Interactive Memcached Debugging with Rails

Posted on June 20, 2009

The memcached support in Rails is great, but it’s a bit difficult to see what the heck is going on in a production environment. The first problem is, by default Rails doesn’t keep a list of all memcached keys that are available on the system. So, you have to use a plugin like memcache_store_with_delete_matched to have memcache itself store a list of all available keys.

You can install this plugin with the typical script/plugin command.

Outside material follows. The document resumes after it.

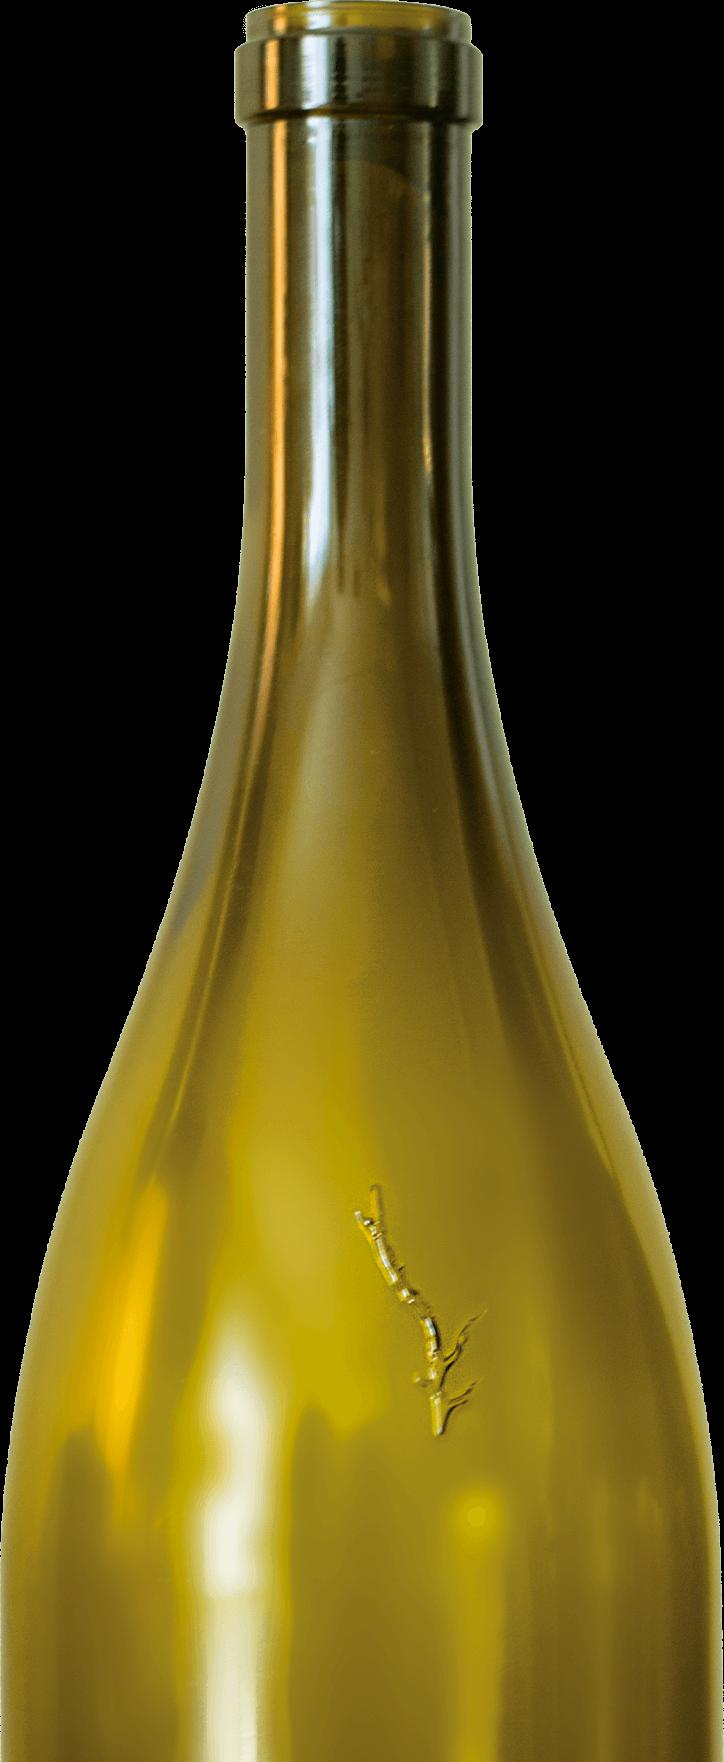 Verre Vert eco-friendly wine bottle

script/plugin install git://github.com/lacomartincik/memcache-store-with-delete_matched.git

Then, you configure memcached in your environment.rb like this.

mem_cache_options = {
    :c_threshold => 10000,
    :compression => true,
    :debug => false,
    :timeout => false,
    :namespace => 'app',
    :readonly => false,
    :urlencode => false
  }
  config.action_controller.cache_store = :mem_cache_store_with_delete_matched, ['127.0.0.1:11211'], mem_cache_options

The other benefit to using memcache_store_with_delete_matched is that regular expressions within expire_fragment works.

expire_fragment(%r!/index_user_.*!)

So, down to debugging. If you want to see all keys in a script/console, you can do the following.

YAML.load(ActionController::Base.cache_store.fetch("memcached_store_key_list"))

You can select certain keys from the memcached_store_keylist.

YAML.load(ActionController::Base.cache_store.fetch("memcached_store_key_list")) .detect{ |k| k.match(/index/) }

Once you have the list of keys, you can plug them into a fetch command.

ActionController::Base.cache_store.fetch("app/blog/index")

You can also manually expire keys from a console.